▸ **Given data**

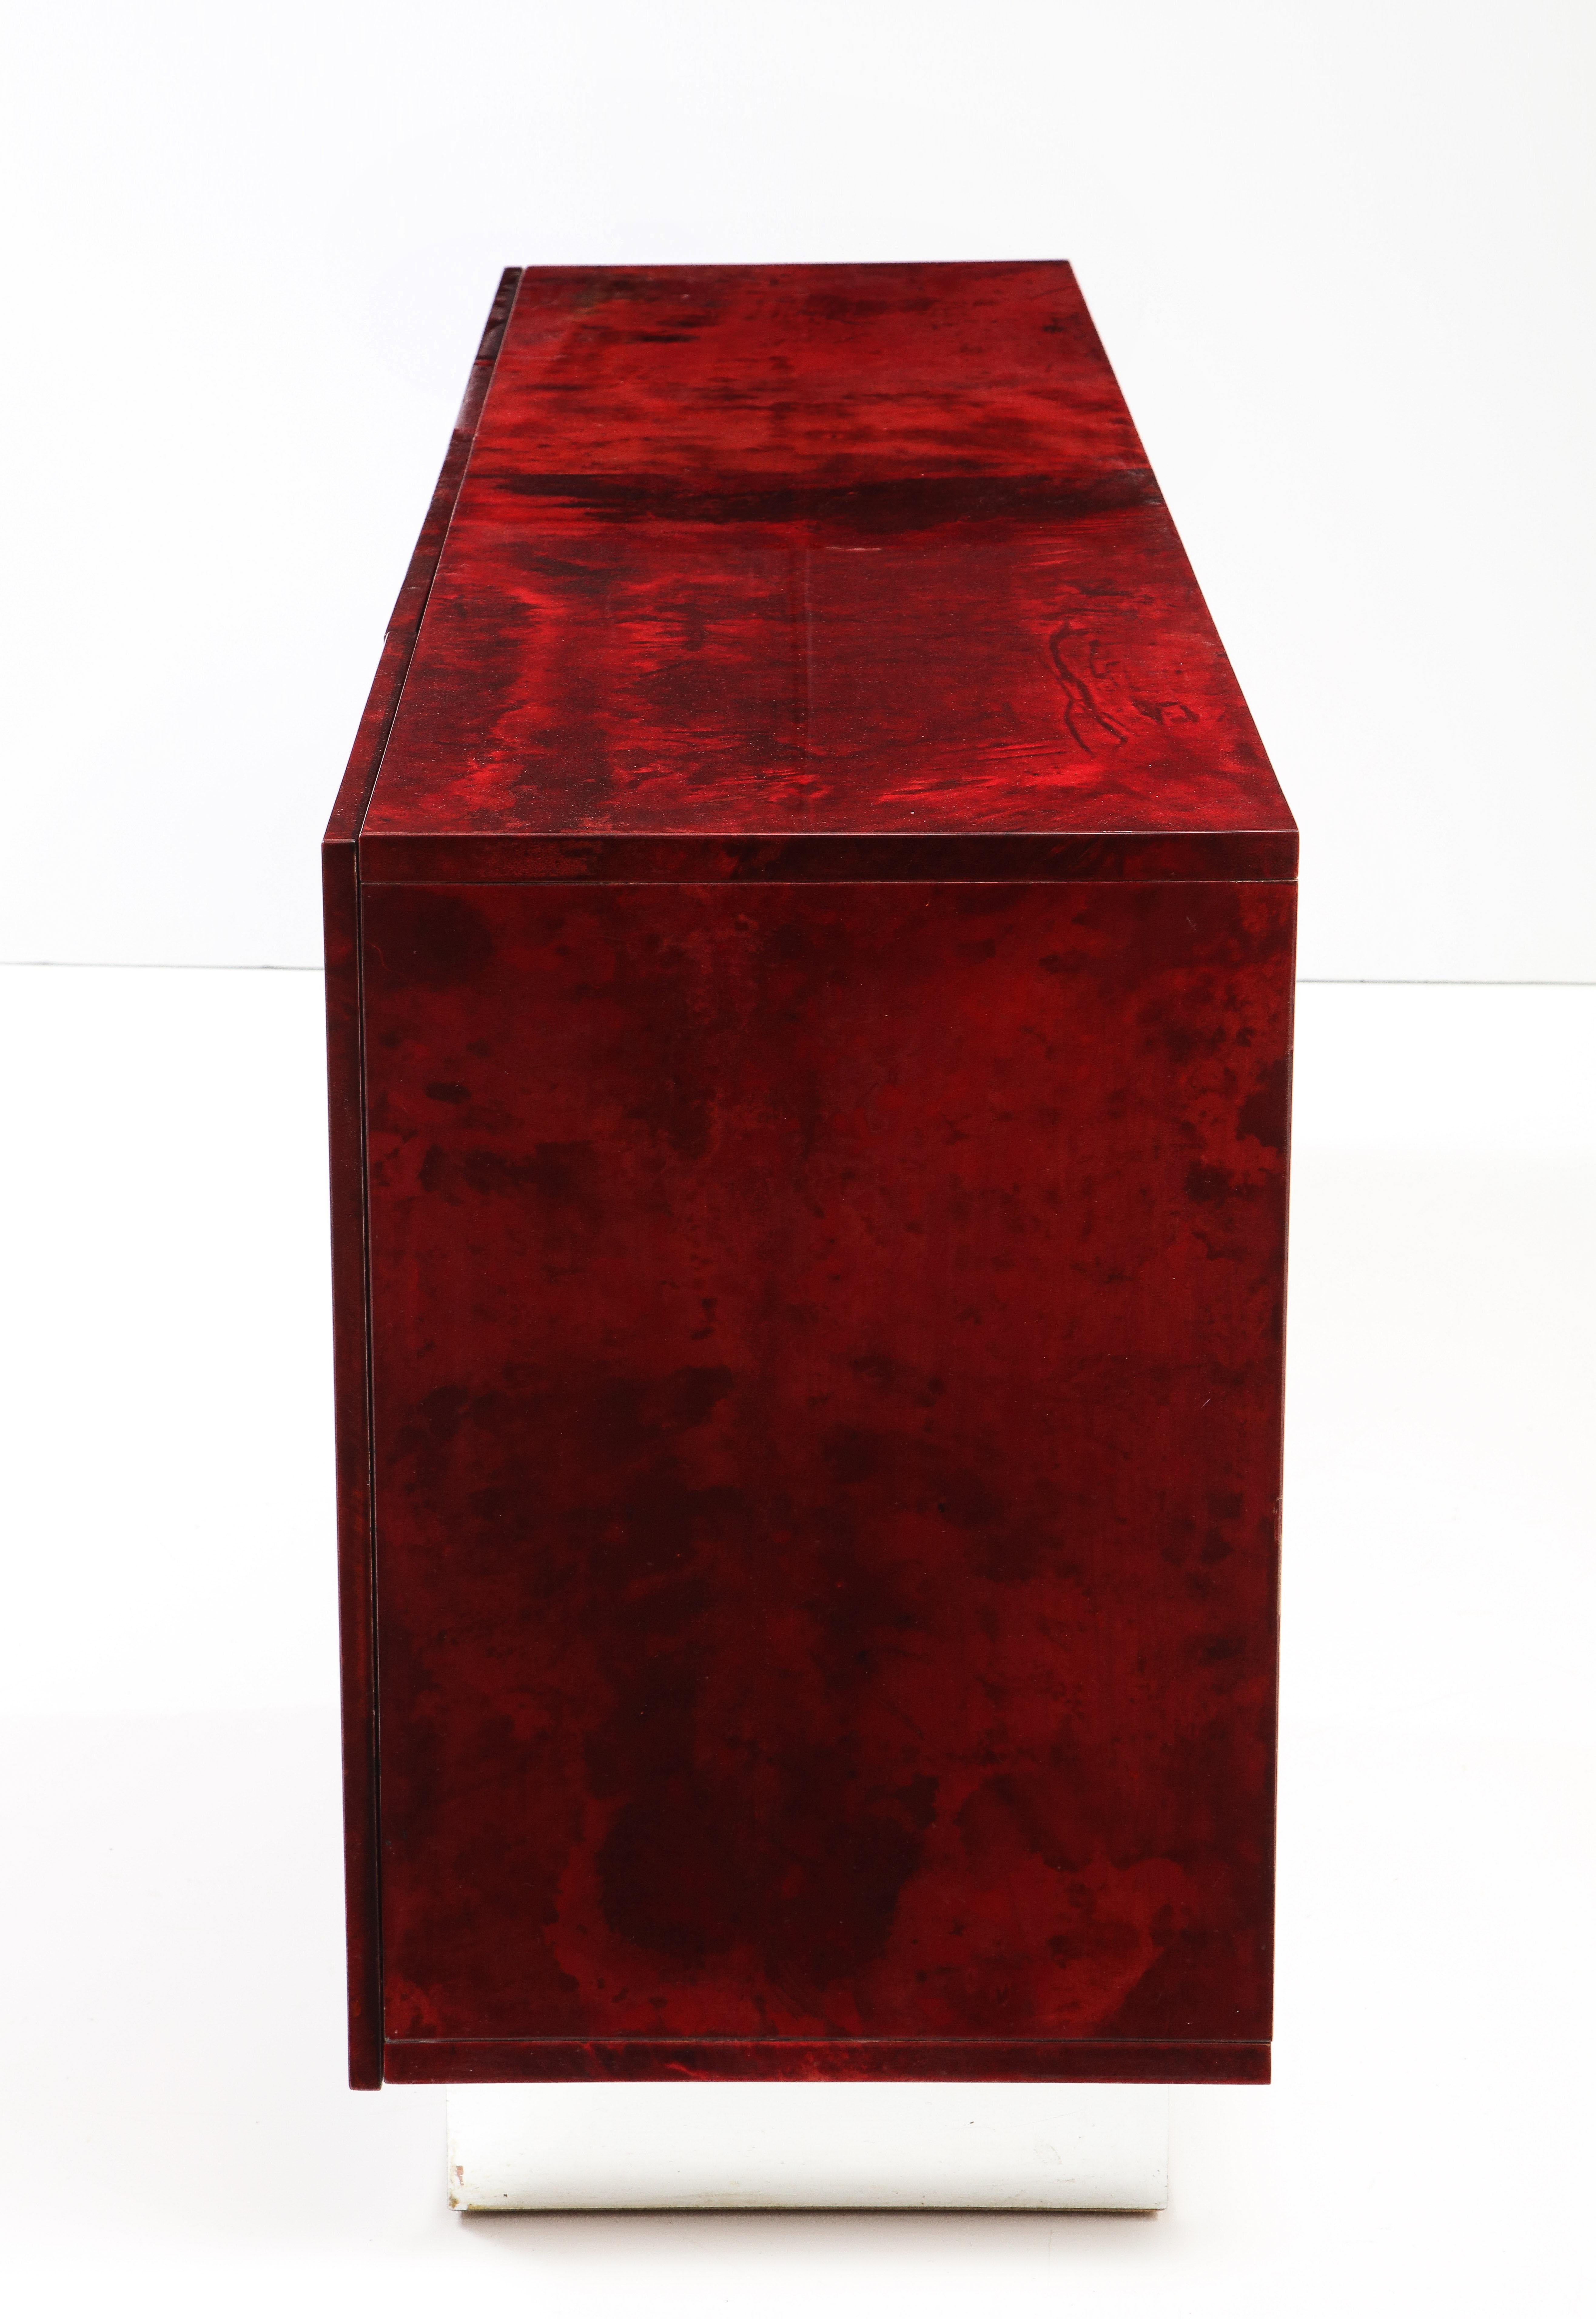 Aldo Tura Blood Red Goatskin Cabinet, Chrome Plinth Base, Italy, 1960 For Sale 5
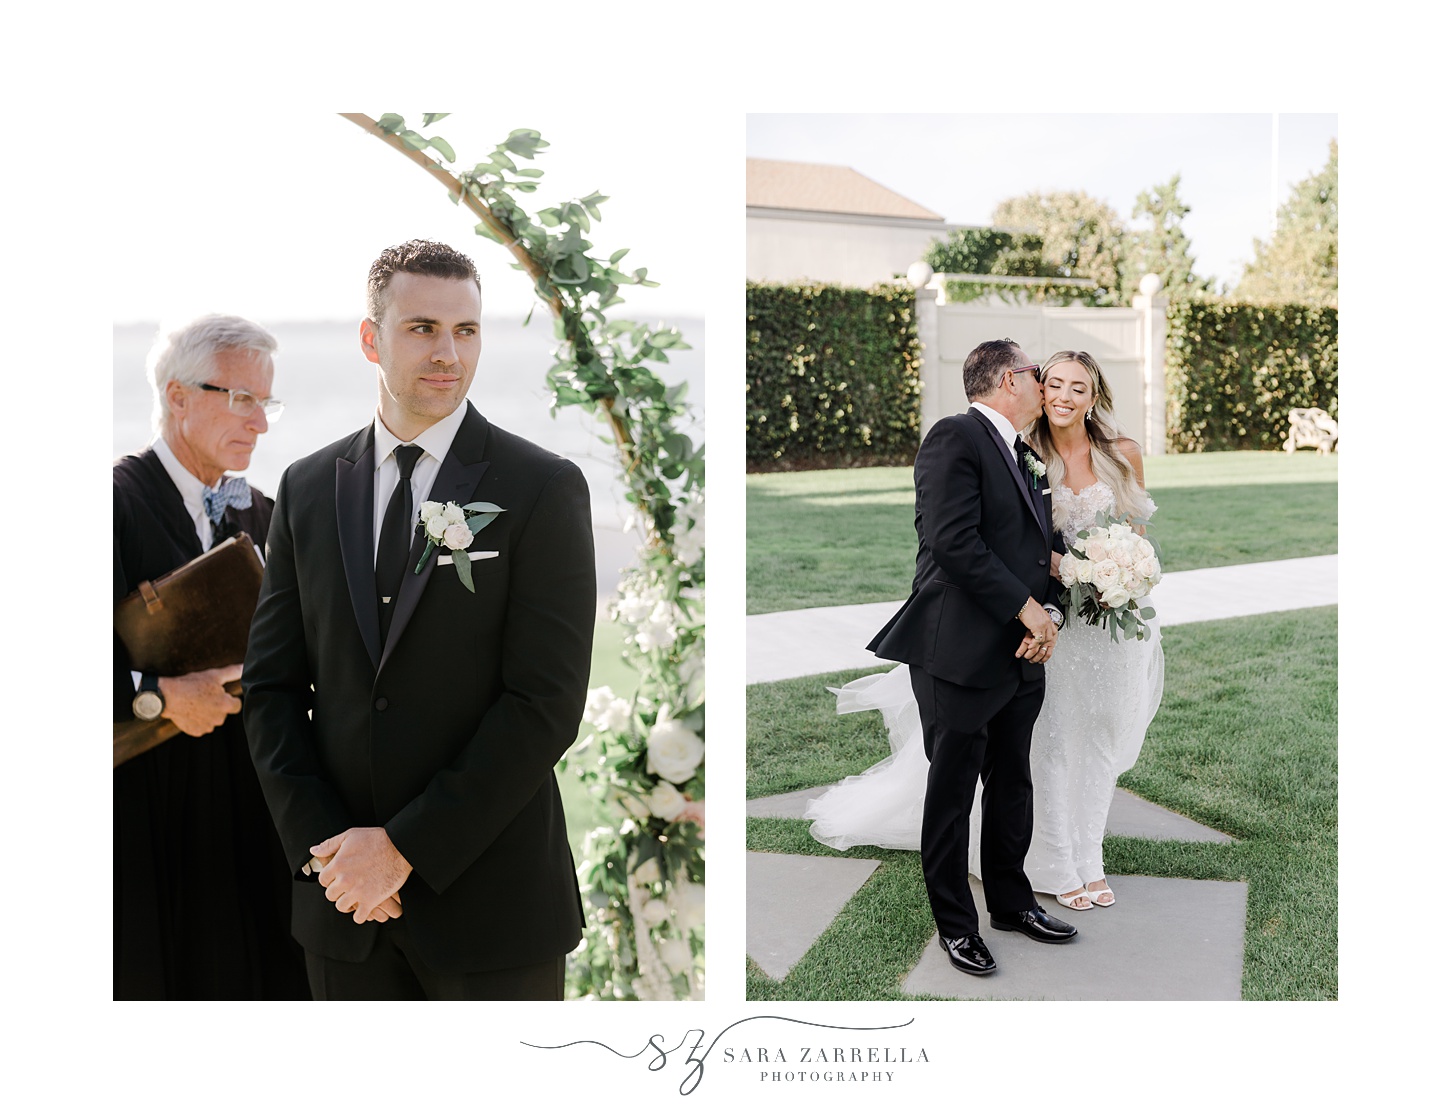 father reaches to kiss bride's cheek before walking down aisle 
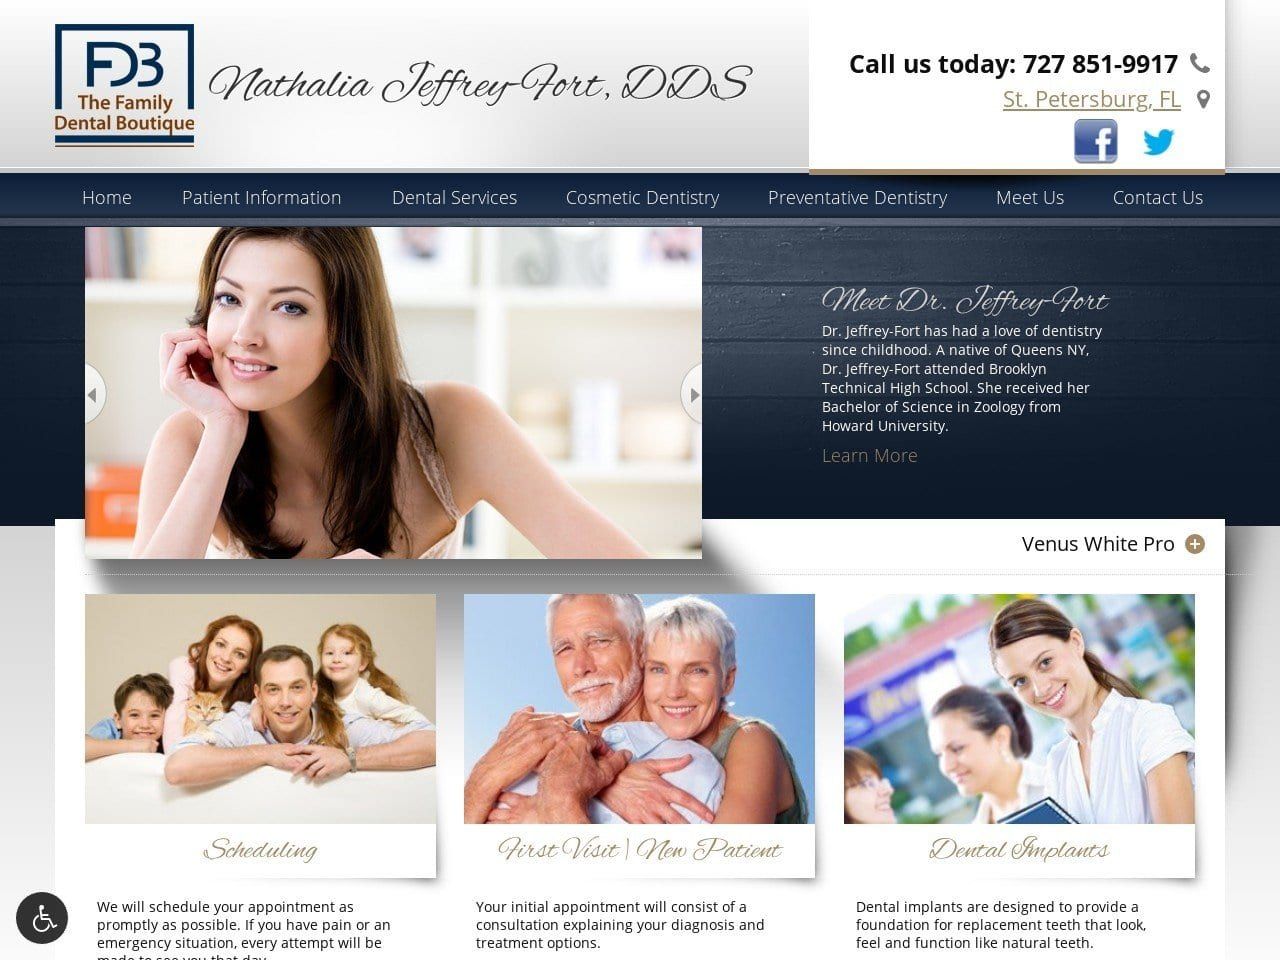 The Family Dental Boutique P.A. Website Screenshot from thefamilydentalboutique.com

▸ **What the exercise asks**
Leave out the pictures. Transcribe the rest of the listing above exactly.

▸ **Solution below**
 Aldo Tura Blood Red Goatskin Cabinet, Chrome Plinth Base, Italy, 1960 For Sale 5
 father reaches to kiss bride's cheek before walking down aisle 
 The Family Dental Boutique P.A. Website Screenshot from thefamilydentalboutique.com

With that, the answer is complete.